Ground sumac is placed in a pot and covered with boiling water. It steeps for twenty minutes until the water turns pink — this is the sour base. Lamb on the bone is seasoned with salt and pepper, then browned in butter until deeply caramelised. Eggplants are peeled in alternating stripes and cut into large chunks. Red bell peppers are deseeded and chopped. Sun-dried tomatoes (or fresh tomatoes and tomato paste) are roughly chopped. All the vegetables are mixed together with chilli flakes and placed on top of the browned lamb in a heavy pot. Flour is whisked into the sumac water to prevent lumps, then poured over the vegetables until they are just covered. Cold butter is scattered on top. The pot is sealed with a lid and simmered on the lowest heat for one hour without lifting the lid. The sumac water reduces, the eggplant collapses into the broth, the lamb falls from the bone.
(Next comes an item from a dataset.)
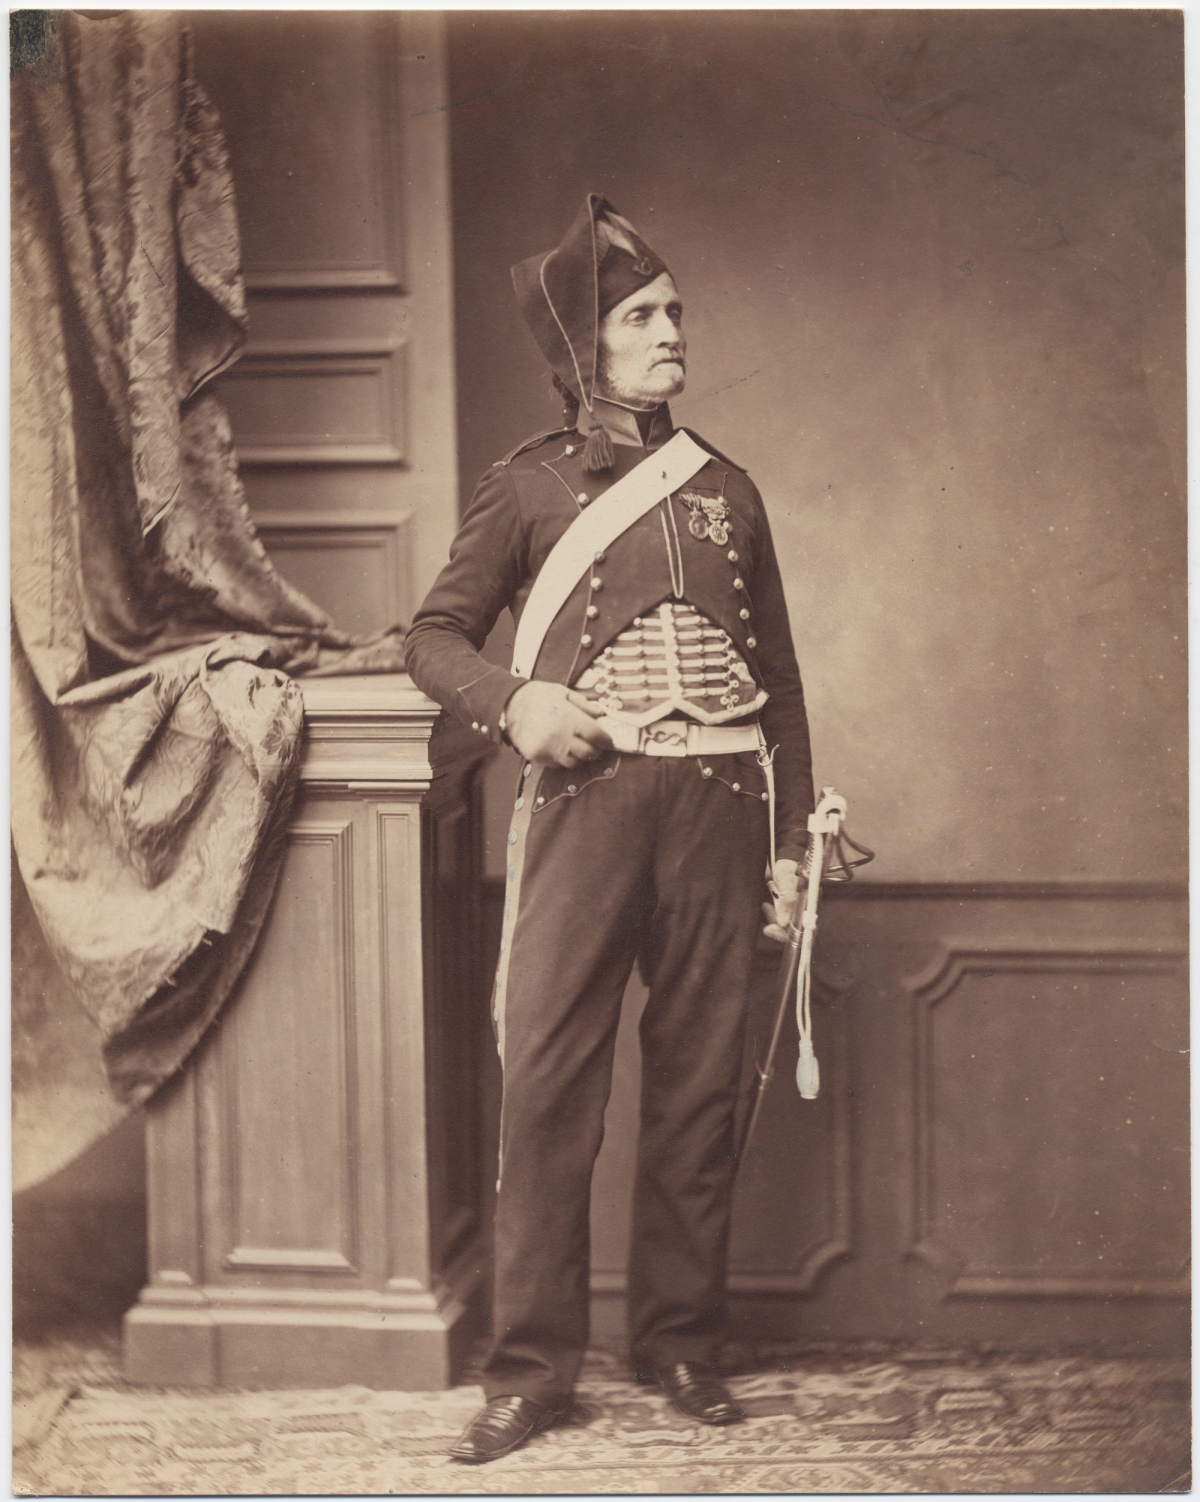 Monsieur Schmit, 2nd Mounted Chasseur Regiment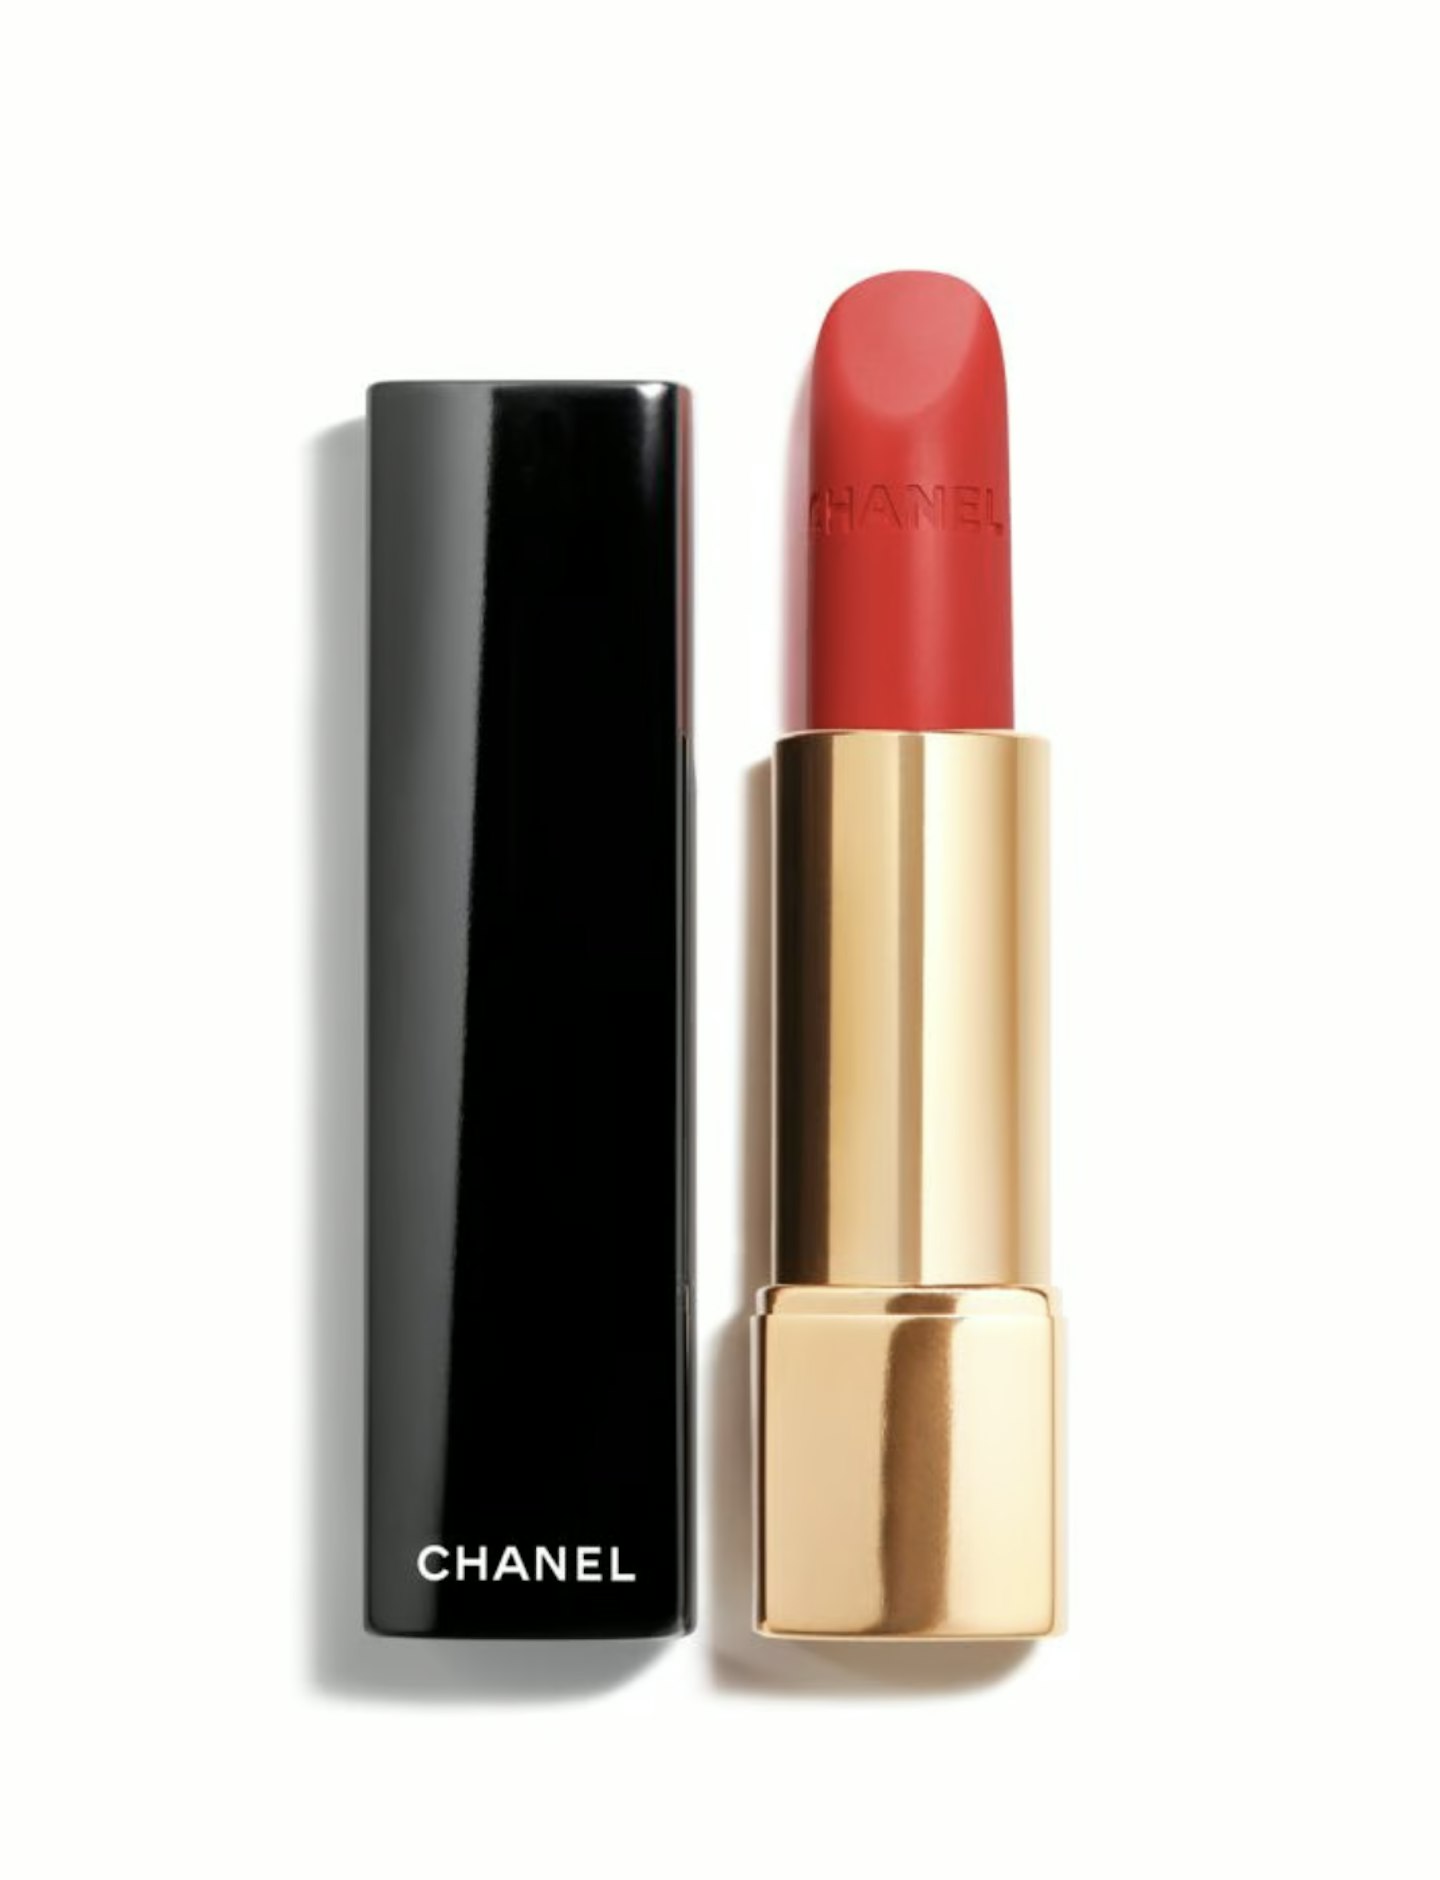 Chanel Rouge Allure Luminous Matte Lip Colour in 57 Rouge Feu red lipstick

After resting for fifteen minutes, it is served with crushed raw garlic stirred into each portion.

 

The National Dish of a People Without a Country

 

Amanda Rivkin Häsler, writing for Global Dining, framed tirşik with a question that this entire series has been asking: how do you define the national dish of a people without a nation? There is no Kurdish tourism board to declare it. No state apparatus to register it. No GI certification to protect it. There is only the dish itself — appearing in Kurdish kitchens across Bakur, made from ingredients that grow on Kurdish land, named with a Kurdish word. Tirşik is the Kurdish sour tradition at its most complete: the same wild sumac that seasons ciger şîş at breakfast in Amed, the same sour instinct that drives glorik and kutilk daw, concentrated here into a single stew that embodies everything this series has documented. It is a dish rooted in the land. And the land, whatever the borders drawn across it, is Kurdish.

 

Conclusion

 

Forty-two articles into this series, tirşik arrives as the dish that holds everything together. The wild sumac of the Kurdish sour tradition. The lamb of Kurdish pastoral life. The eggplant and peppers of Kurdish gardens. The slow cooking of Kurdish patience. The Kurdish word for sour — tîrş — embedded in the name. If this series were to name one dish that represents the full arc of Kurdish food culture, tirşik would be the strongest candidate: simple, mountain-sourced, sour, generous, and made by people who have been cooking it in the same valleys for millennia. It does not need a state to certify it. It certifies itself, in every pot, in every kitchen, every time the sumac water turns pink.